Got this email today, thought I would share.

This old story is out of Texas. Seems a guy cruises thru a stop sign, or whatever, and gets pulled over by a local policeman. Guy hands the cop his driver's license, insurance verification, plus his concealed carry permit.

"Okay, Mr. Smith," the cop says, "I see your CCW permit. Are you carrying today?"

"Yes, I am."

"Well then, better tell me what you got."

Smith says, "Well, I got a .357 revolver in my inside coat pocket. There's a 9mm semi-auto in the glove box.
And, I've got a .22 magnum derringer in my right boot."

"Okay," the cop says. "Anything else?"

"Yeah, back in the trunk, there's an AR15 and a shotgun. That's about it."

"Mr.
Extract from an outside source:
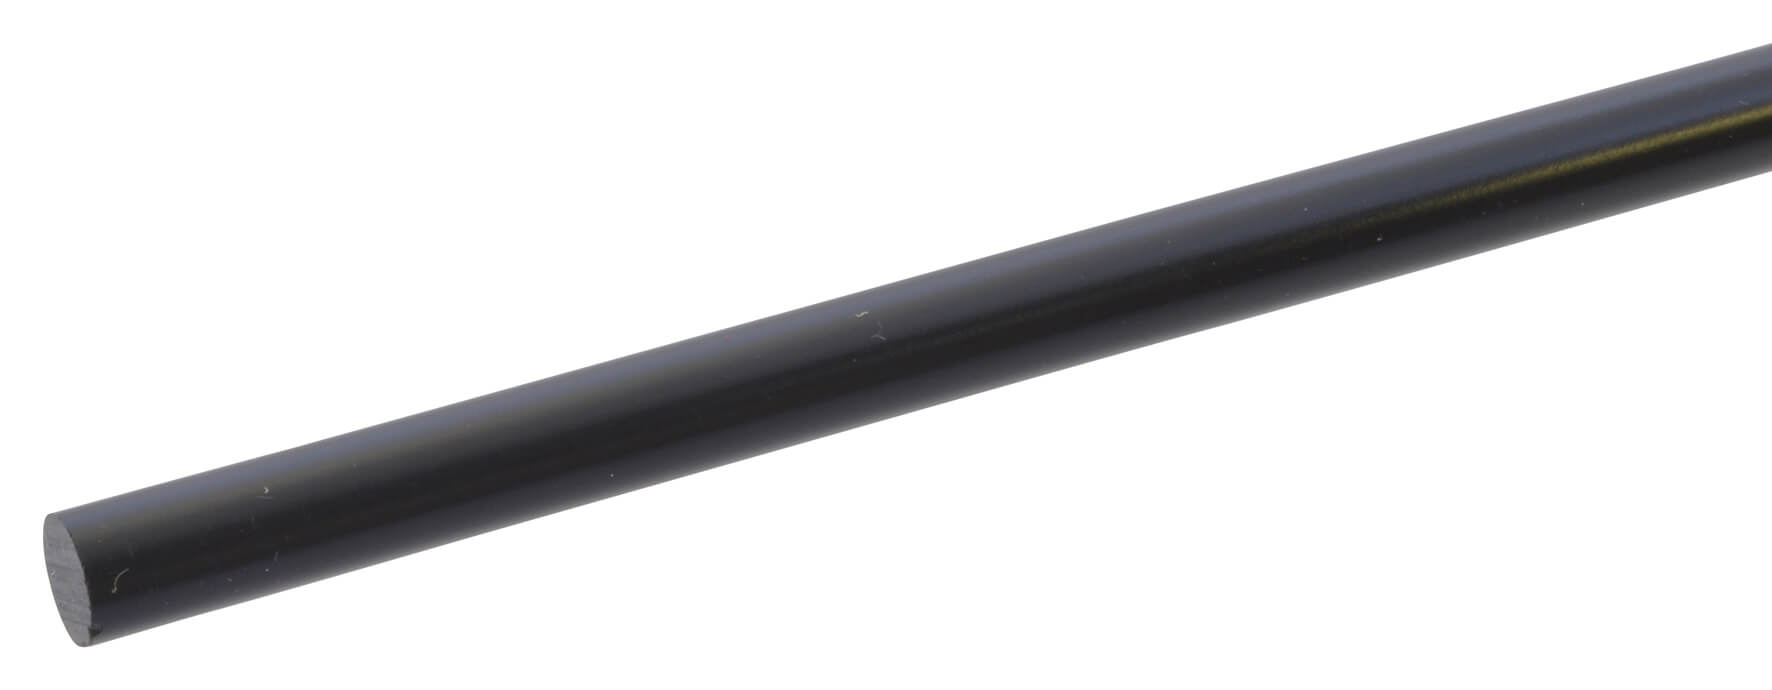 Acrylic Rod 4.8mm x 610mm - Solid Black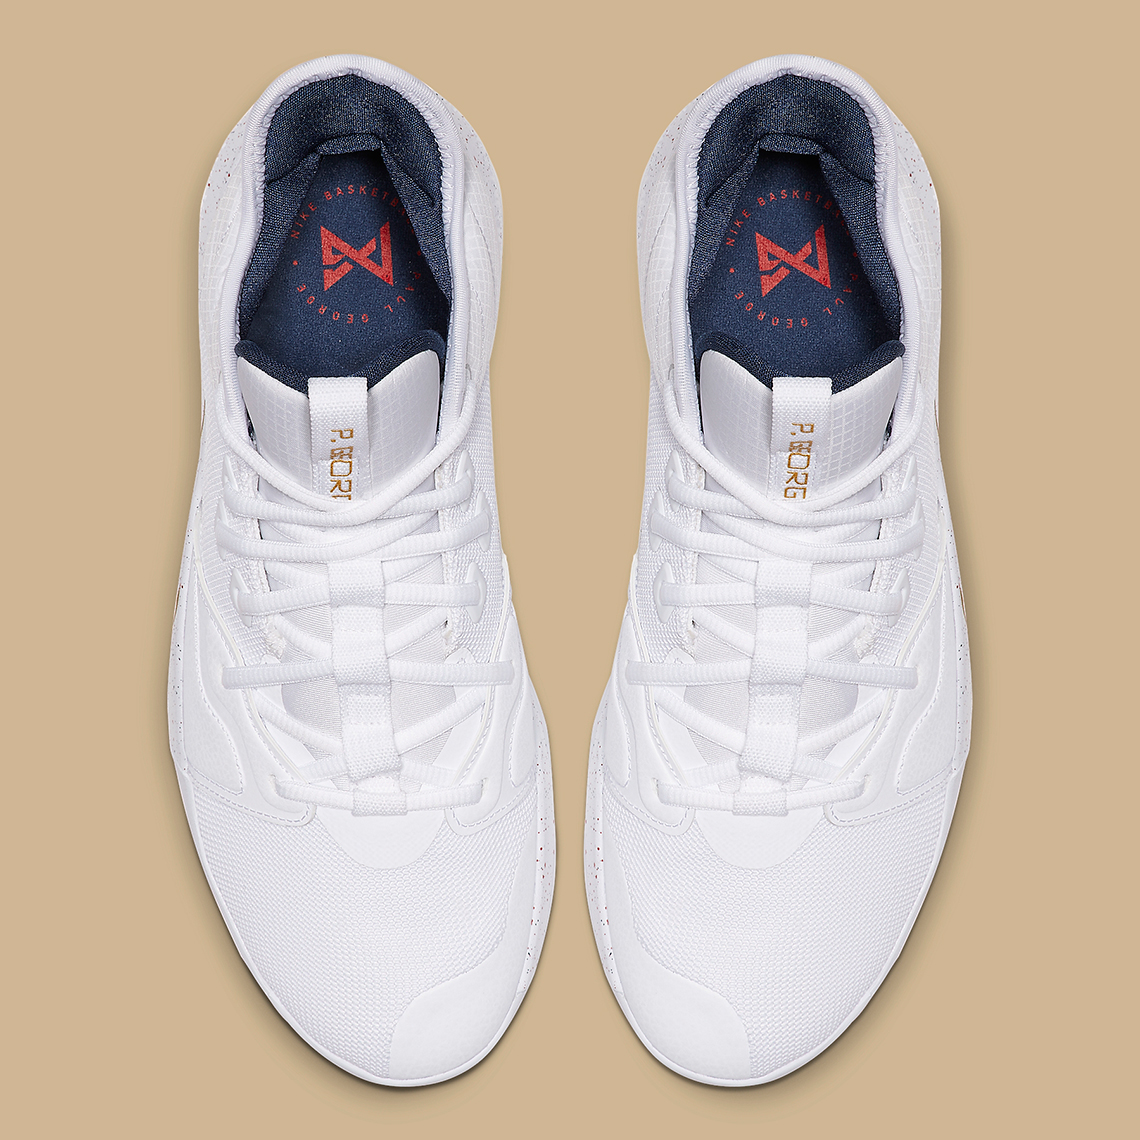 Persona responsable Catarata píldora Nike PG 3 White Gold Navy AO2607-100 Release Date | SneakerNews.com

Smith, are you on your way to or from a gun range...?"

"Nope."

"Well then, what are you afraid of...?"

"Not a *[Excuse my language.... I have a limited vocabulary]* thing..."


----------



## huntfishski (Mar 17, 2010)

That is awesome!!! I will be in Texas for the holidays but we are flying down so I can't bring any iron. At least I know that I will be in a safe place.


----------



## El Gato Loco (Jan 15, 2010)

Hahaha! That's pretty good.

The local LEO's love CHL holders. Oh and huntfishski, you won't need a gun while here. Every man woman and child is carrying at least one.









You CAN fly with your guns though. Just use a hard case and check the luggage and be sure to declare that there is a gun inside. The ammo can even be with the gun on most airlines.


----------



## huntfishski (Mar 17, 2010)

Yea I know, we're just visiting family so I will be among friends. Besides I haven't met a Texan I haven't liked...so far.


----------



## hassell (Feb 9, 2010)

huntfishski said:


> Yea I know, we're just visiting family so I will be among friends. Besides I haven't met a Texan I haven't liked...so far.


 So very true, Heck they even pack while their fencing.


----------



## bar-d (Feb 3, 2010)

huntfishski said:


> Yea I know, we're just visiting family so I will be among friends. Besides I haven't met a Texan I haven't liked...so far.


I have........


----------



## El Gato Loco (Jan 15, 2010)

I was going to say... I haven't met too many that I did like lol









Plus if you had my family, you might think differently about packing at family events. I usually bring 2!


----------



## On a call (Mar 3, 2010)

huntfishski said:


> That is awesome!!! I will be in Texas for the holidays but we are flying down so I can't bring any iron. At least I know that I will be in a safe place.


Yes I was going to tell you what I see Chris did...no troubles taking your guns with you. Except...the price of extra baggage, sign of the times.


----------